21 July 2008 16:56 [Source: ICIS news]
HOUSTON (ICIS news)--The index of leading US economic indicators fell 0.1% in June, suggesting a weak economy through the end of the year, the Conference Board said on Monday.
“The domestic economy is showing no sign of strength,” said Ken Goldstein, labour economist for the board.
The New York City-based Conference Board, a 92-year-old business analysis group, said June’s dip puts the closely watched leading index at 101.7, as measured against the baseline of 100 in 2004.
The June number followed a downwardly revised 0.2% decline in May, and a 0.1% increase in April.
“The deep financial crisis, a prolonged, intense slump in housing, high gasoline and food prices, weak consumer confidence and a weak dollar are all combining to produce unrelenting downward pressure on economic activity,” Goldstein said. “This is also why it wouldn’t take much to push the economy so that it’s even weaker in the second half of 2008.”

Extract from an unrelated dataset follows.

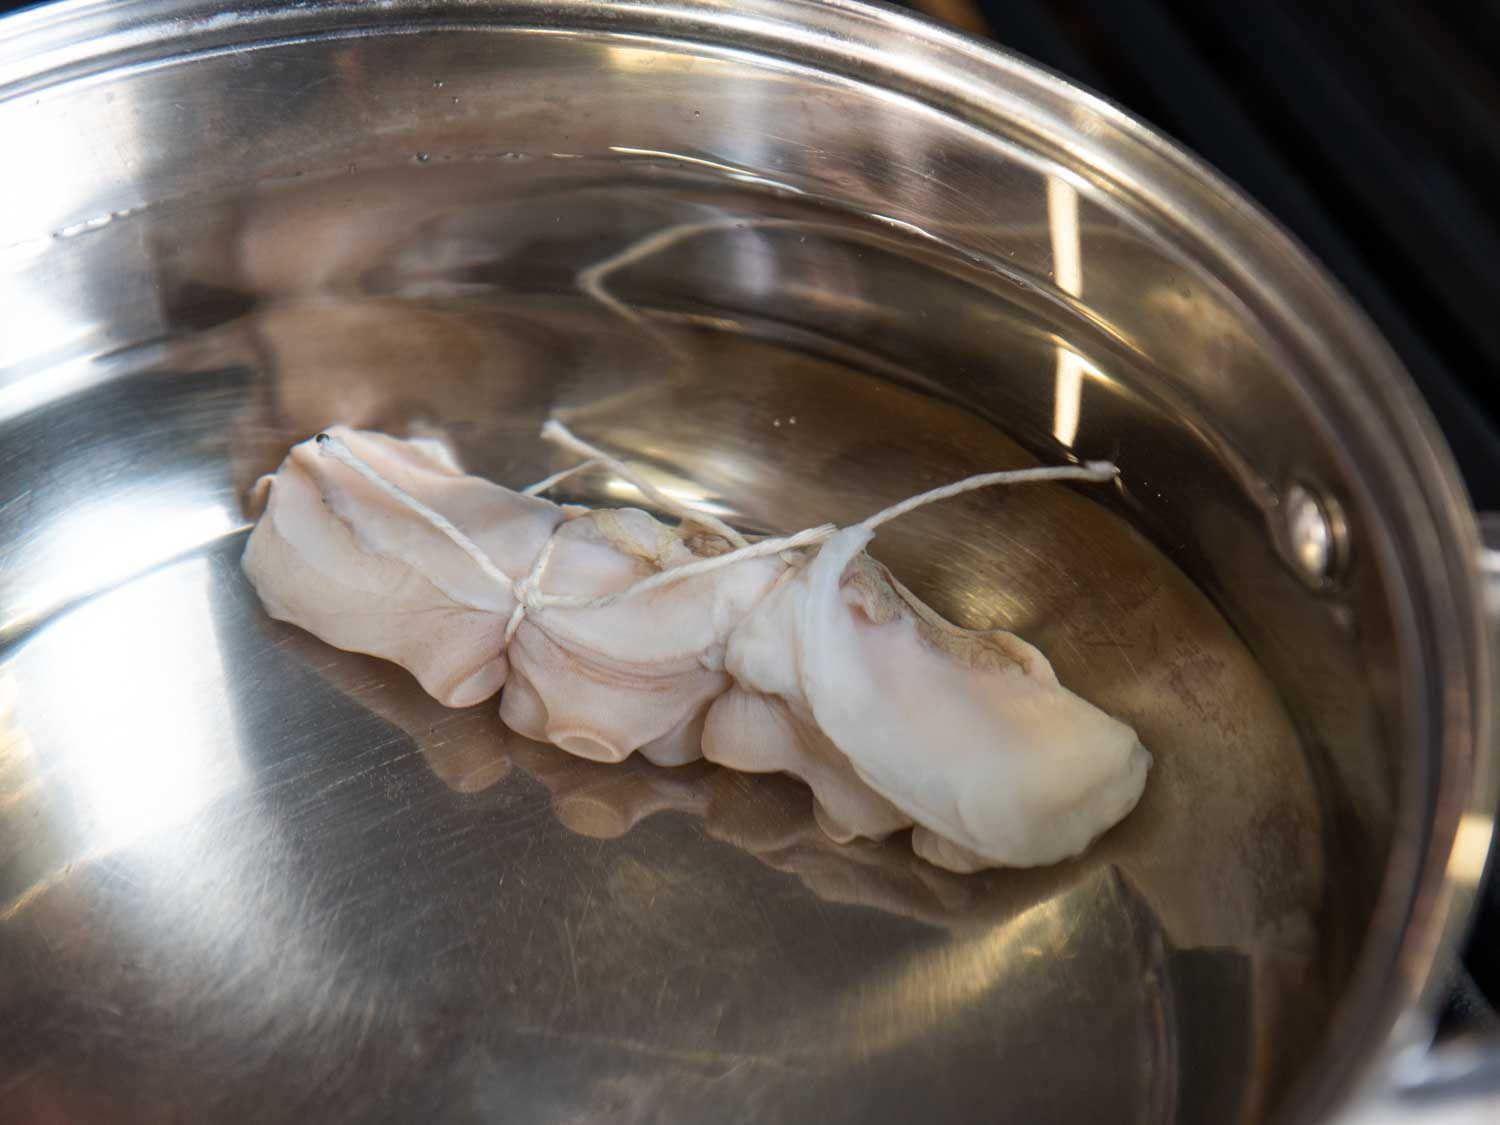 一锅冷水里的生章鱼触须;触须上系有绳子，用来区分同一锅中的不同测试变量。

The board’s leading index is made up of 10 economic indicators, including stock prices, interest rates, manufacturers’ orders, building permits and unemployment claims, among others.
Real money supply, stock prices and weekly initial claims for unemployment insurance made large negative contributions to the index in June, more than offsetting positive contributions from building permits, the interest rate spread and supplier deliveries, the board said.